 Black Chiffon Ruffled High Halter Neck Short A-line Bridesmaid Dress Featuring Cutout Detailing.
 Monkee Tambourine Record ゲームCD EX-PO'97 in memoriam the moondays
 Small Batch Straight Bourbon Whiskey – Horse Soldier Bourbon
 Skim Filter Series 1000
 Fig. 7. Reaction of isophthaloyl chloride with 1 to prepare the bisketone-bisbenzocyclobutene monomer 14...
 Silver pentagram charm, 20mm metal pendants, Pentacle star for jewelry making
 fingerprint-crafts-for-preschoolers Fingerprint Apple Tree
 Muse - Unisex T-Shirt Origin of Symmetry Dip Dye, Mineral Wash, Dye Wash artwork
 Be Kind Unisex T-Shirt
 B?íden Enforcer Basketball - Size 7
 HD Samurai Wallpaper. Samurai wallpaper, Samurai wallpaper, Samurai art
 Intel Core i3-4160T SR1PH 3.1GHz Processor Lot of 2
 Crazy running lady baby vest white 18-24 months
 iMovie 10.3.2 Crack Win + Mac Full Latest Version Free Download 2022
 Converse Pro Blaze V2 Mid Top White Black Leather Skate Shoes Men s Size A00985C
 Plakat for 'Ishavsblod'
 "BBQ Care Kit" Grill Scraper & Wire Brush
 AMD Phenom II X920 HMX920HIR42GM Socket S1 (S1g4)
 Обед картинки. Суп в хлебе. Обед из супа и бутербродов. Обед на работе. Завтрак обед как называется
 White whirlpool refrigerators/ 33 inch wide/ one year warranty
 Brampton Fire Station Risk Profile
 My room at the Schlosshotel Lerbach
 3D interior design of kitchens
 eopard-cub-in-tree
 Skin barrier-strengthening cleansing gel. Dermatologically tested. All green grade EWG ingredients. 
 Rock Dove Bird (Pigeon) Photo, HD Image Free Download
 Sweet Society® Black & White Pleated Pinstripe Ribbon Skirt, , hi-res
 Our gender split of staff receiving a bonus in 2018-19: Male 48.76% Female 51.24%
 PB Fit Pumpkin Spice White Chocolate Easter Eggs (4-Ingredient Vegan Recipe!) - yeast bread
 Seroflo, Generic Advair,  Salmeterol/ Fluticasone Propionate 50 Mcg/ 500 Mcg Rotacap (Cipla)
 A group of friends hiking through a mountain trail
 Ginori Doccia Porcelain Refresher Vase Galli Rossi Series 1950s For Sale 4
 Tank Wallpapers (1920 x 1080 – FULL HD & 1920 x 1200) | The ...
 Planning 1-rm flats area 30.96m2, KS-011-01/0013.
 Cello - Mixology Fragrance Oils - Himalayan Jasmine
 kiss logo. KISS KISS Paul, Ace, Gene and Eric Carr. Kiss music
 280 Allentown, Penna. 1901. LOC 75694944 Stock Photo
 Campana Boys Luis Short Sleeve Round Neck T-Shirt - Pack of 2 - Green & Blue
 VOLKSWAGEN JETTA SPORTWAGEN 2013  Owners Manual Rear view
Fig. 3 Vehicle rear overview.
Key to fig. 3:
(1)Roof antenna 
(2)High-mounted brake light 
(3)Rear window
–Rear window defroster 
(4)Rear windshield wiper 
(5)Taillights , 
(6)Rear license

• **PROBLEM STATEMENT**
Reproduce word for word the material above, starting with the line that has "Skin barrier-strengthening cleansing" and stopping after the line that has "280 Allentown, Penna.".

• **RESPONSE**
 Skin barrier-strengthening cleansing gel. Dermatologically tested. All green grade EWG ingredients. 
 Rock Dove Bird (Pigeon) Photo, HD Image Free Download
 Sweet Society® Black & White Pleated Pinstripe Ribbon Skirt, , hi-res
 Our gender split of staff receiving a bonus in 2018-19: Male 48.76% Female 51.24%
 PB Fit Pumpkin Spice White Chocolate Easter Eggs (4-Ingredient Vegan Recipe!) - yeast bread
 Seroflo, Generic Advair,  Salmeterol/ Fluticasone Propionate 50 Mcg/ 500 Mcg Rotacap (Cipla)
 A group of friends hiking through a mountain trail
 Ginori Doccia Porcelain Refresher Vase Galli Rossi Series 1950s For Sale 4
 Tank Wallpapers (1920 x 1080 – FULL HD & 1920 x 1200) | The ...
 Planning 1-rm flats area 30.96m2, KS-011-01/0013.
 Cello - Mixology Fragrance Oils - Himalayan Jasmine
 kiss logo. KISS KISS Paul, Ace, Gene and Eric Carr. Kiss music
 280 Allentown, Penna. 1901. LOC 75694944 Stock Photo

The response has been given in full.